To define an MDP, create a subclass of MarkovDecisionProcess and implement the reward function, transition matrix, and initial
state distributions. For a fixed parameter, these three methods should always return the same values. The constructor of the MDP
defines the state set, action set, and discount factor. States and actions are represented with integers starting from zero and
counting up. The validity of the class definition can be checked using the provided check method.
MarkovDecisionProcess mdp = ...;
if(!MarkovDecisionProcess.check(mdp)) throw new RuntimeException();
Use the provided solver to get an optimal policy for the defined MDP. The policy is given by an array of integers. Use states to index into the array. The elements of the array are actions that should be taken at each state. A resulting requirement is that the solver calculates a deterministic policy. Four algorithms are provided. It should be noted that the LP solver is highly unstable, so the LP algorithms for solving MDP's may not provide an accurate result.

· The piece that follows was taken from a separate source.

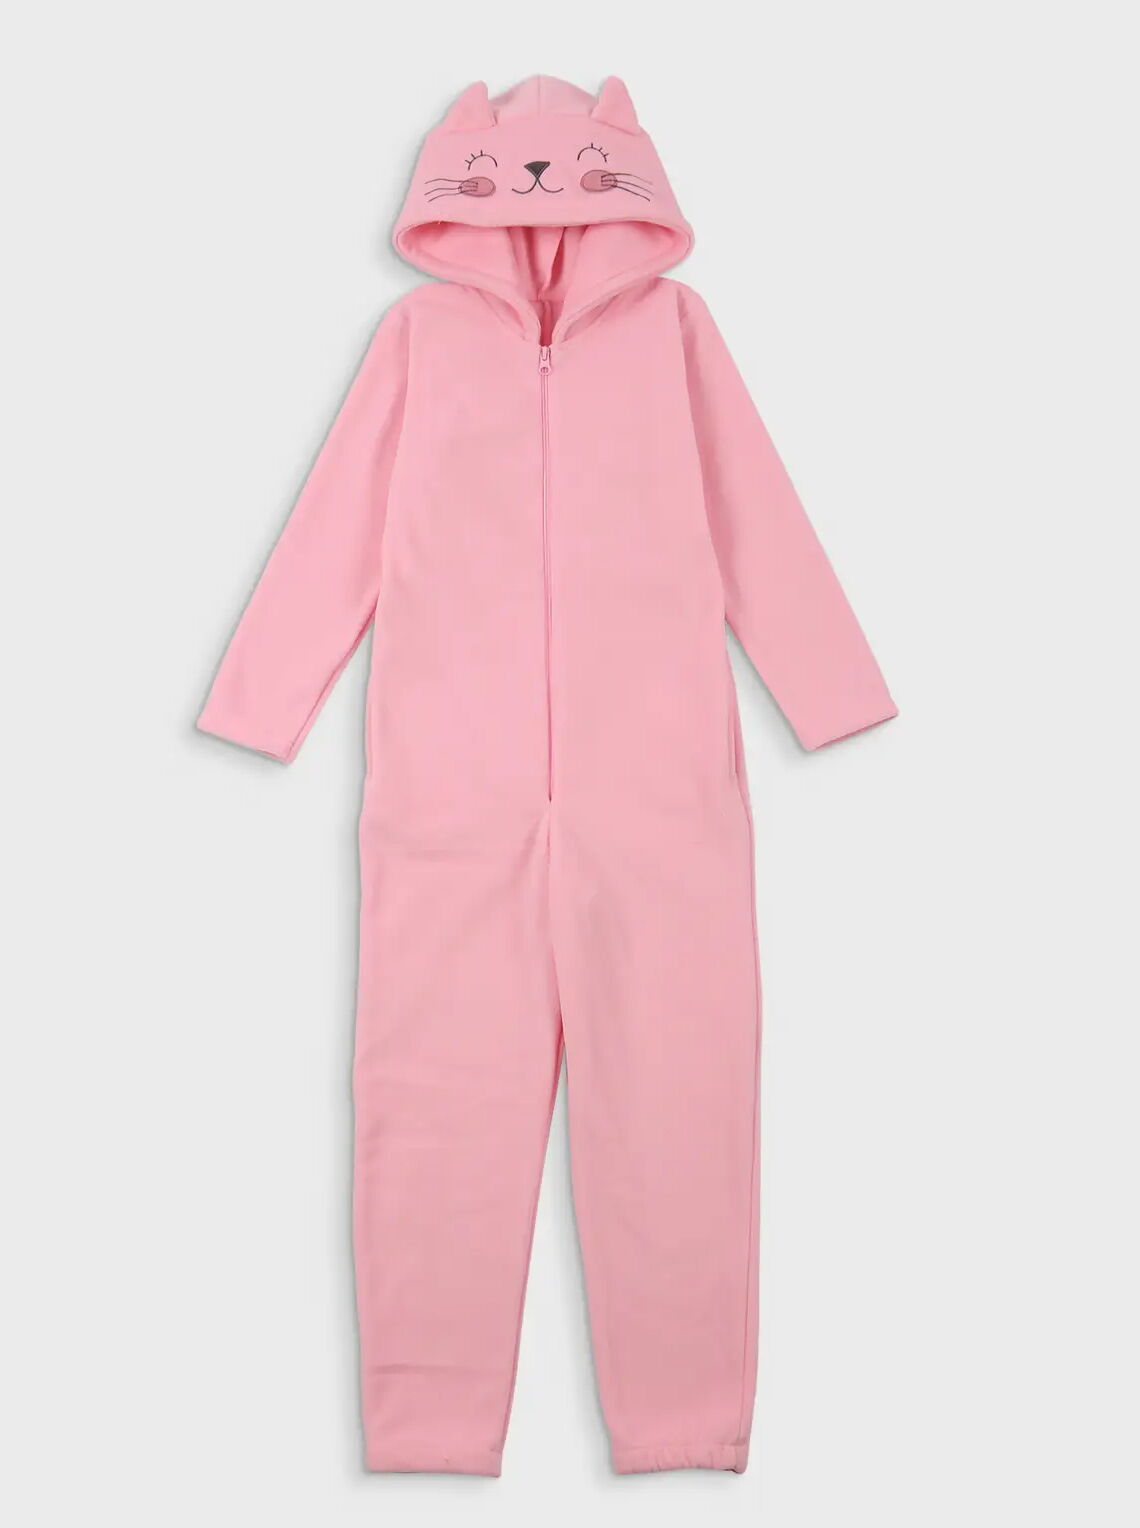 Пижама-кигуруми флис для девочки Фламинго Котик розовая 779-1405 - цена

MarkovDecisionProcessSolver solver = new MarkovDecisionProcessSolver(mdp);
int[] pol_1 = solver.value_iteration(iterations);
int[] pol_2 = solver.policy_iteration(iterations);
int[] pol_3 = solver.primal_lp();
int[] pol_4 = solver.dual_lp();
We can also determine the value function associated with a given policy. This can be useful for evaluating performance.
// Determine the value of each state, given the deterministic policy used
double[] state_values = solver.value(policy);
// Determine the expected value of the full MDP, given the value of each state
double full_value = solver.value(state_values);
// Determine an optimal policy, given the value of each state
int[] opt_policy = solver.policy(state_values);